As well as going out and taking part in group activities, people wanted to make their own fun at home. And this appetite was fed by a radical change that was happening inside people’s homes: the birth of gas lighting. In our bright, modern homes it’s hard for us to imagine what life would have been like by candlelight. If you try counting the lights in the room where you are reading this, I estimate that you will find at least four or five, not including the ambient light that pours in through and around your curtains. At the beginning of the nineteenth century homes were still lit by candles, which were both expensive and of limited strength.
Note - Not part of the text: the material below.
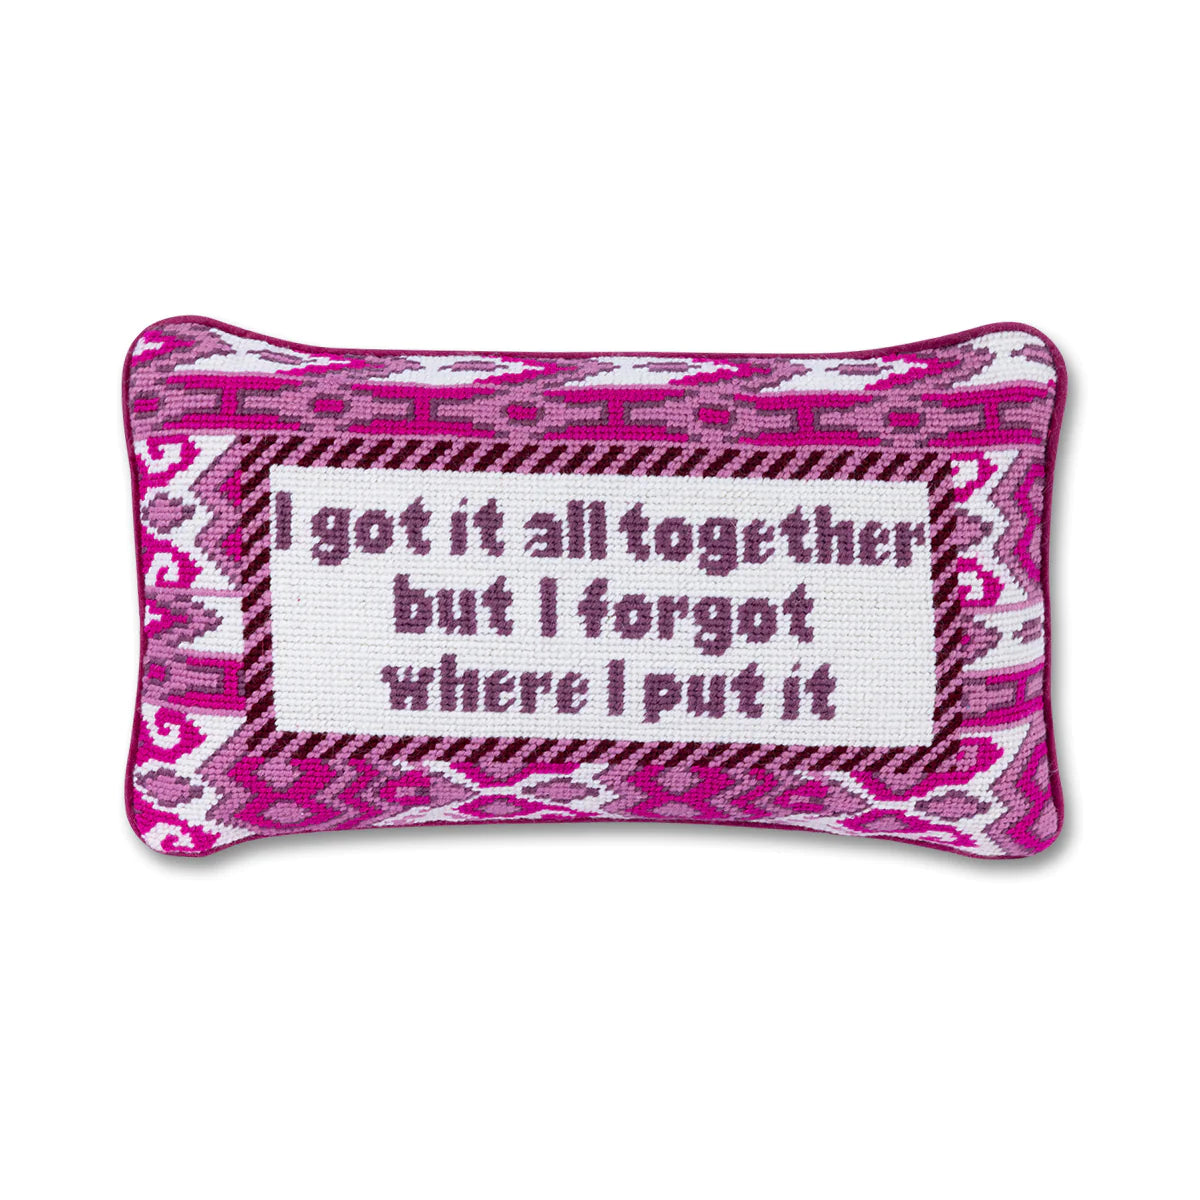 Got it all Together Pillow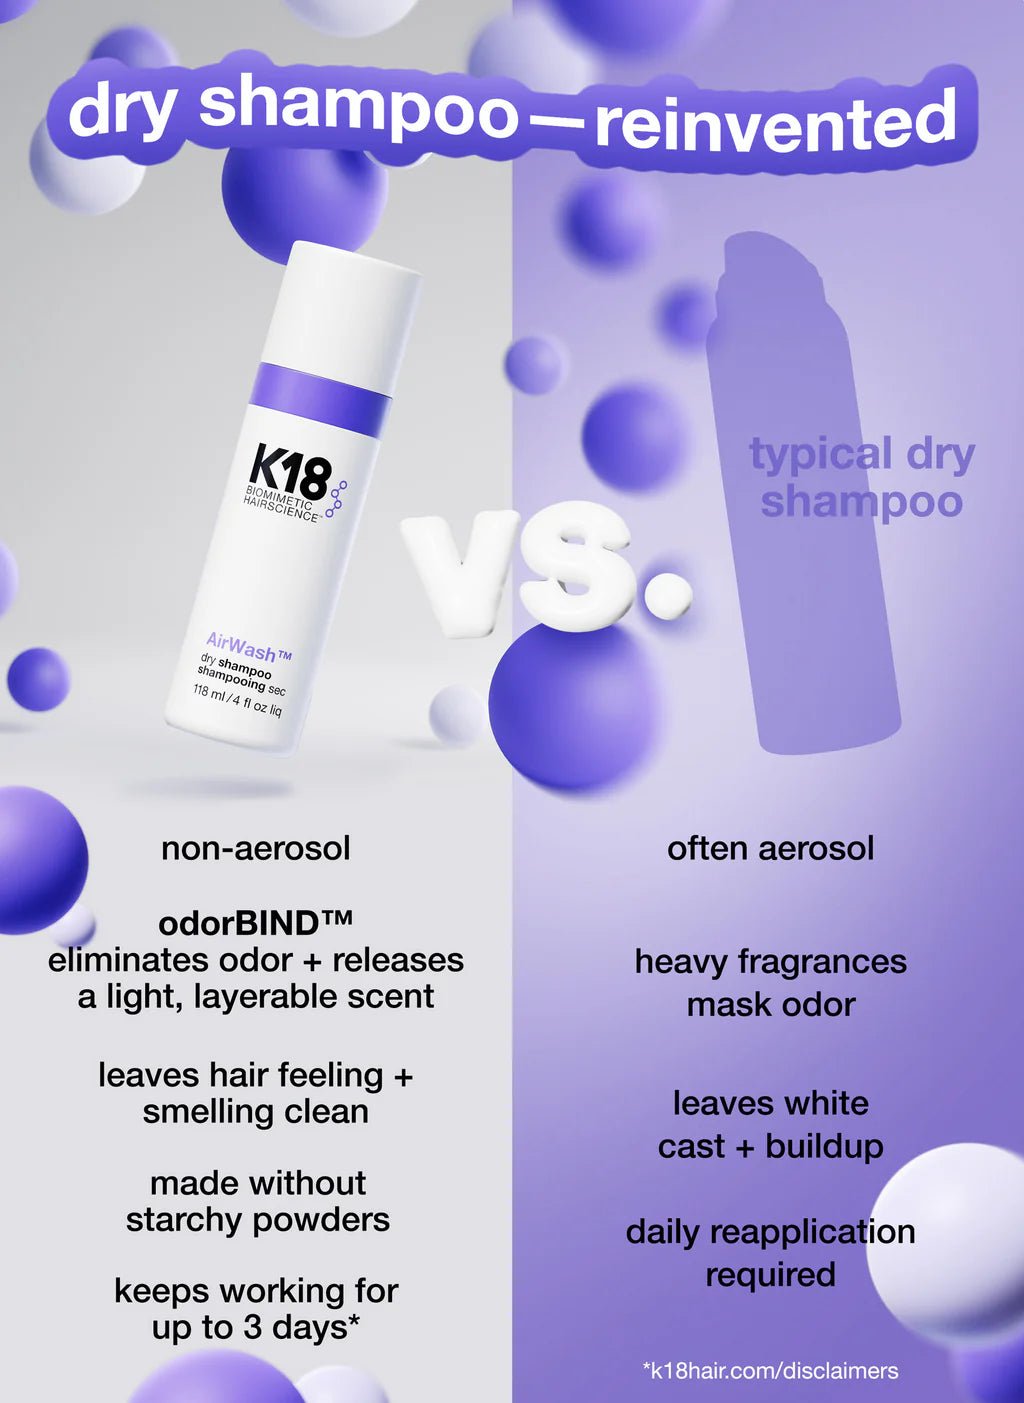 Comparison image of K18 AirWash Dry Shampoo vs. typical dry shampoo. Simply Colour Hair Salon Studio & Online Store's K18 AirWash Dry Shampoo is non-aerosol and utilizes odorBIND biotechnology to eliminate odor and reduce oil, leaving hair feeling light, while typical dry shampoo is often aerosol-based and masks odor with heavy fragrances.

Samuel Pepys had to give up writing his diary at only thirty-six because he was worried about going blind—‘and so to bed, being weary, sleepy, and my eyes begin to fail me, looking so long by candlelight upon white paper’—he wrote in 1663. In the centuries of darkness games were things to be played outdoors while inside people told stories, sang songs and played instruments. Pleasure came from the things you imagined rather than saw.

The social historian Dorothy Flanders gives a detailed account of the development of domestic gas lighting in her book The Victorian House. She explains how Friedrich Albert Winsor became one of the first popular exponents of gas lighting in the home, through a series of public lectures and brochures. In 1814 Winsor founded a company with a single gasometer. By 1852 there were forty-seven gasometers in Britain and a network of gas piping, stretching over two hundred miles. The craze for gas lighting spread fast. By 1816 gas was common in London and by 1823 fifty-three cities had gas companies. By the middle of the century, it had become a presence in most small towns and even in some villages. The contemporary journalist G. A. Sala provides a vivid insight into the difference it made to everyday life:

In broad long streets where the vista of lamps stretches far away into almost endless perspective; in courts and alleys, dark by day but lighted up by this incorruptible tell-tale; on the bridges; in the deserted parks; on wharfs and quays; in dreary suburban roads; in the halls of public buildings; in the windows of late-hour-keeping houses and offices, there is my gas—bright, silent, secret. Gas to teach me; gas to counsel me; gas to guide my footsteps.

As well as illuminating streets, gas changed how rooms were lit. The Argand Lamp became a popular innovation in middle-class homes. In stark contrast to the uneven light of candles, the Argand Lamp burned gas at a higher temperature, which created a purer flame. This new, brighter flame was also contained for the first time in a glass cylinder, which saved it from draughts and allowed the flame to be raised or lowered, rather like the modern dimmer switch. Brightness could now be controlled and modulated at will. It was also possible for gas to be run through pipes and tubes to special fittings in the ceilings and walls, even to tables. Wall sockets had flexible attachment points so that lights could be directed towards particular people or objects. The arrival of gas lighting meant that everyone—not just the rich—could now play games long into the night.

And so, for the Victorians, the stage was set for a games revolution to take hold. Is it time for us to discover once again the easy pleasure and communal happiness that only games can offer?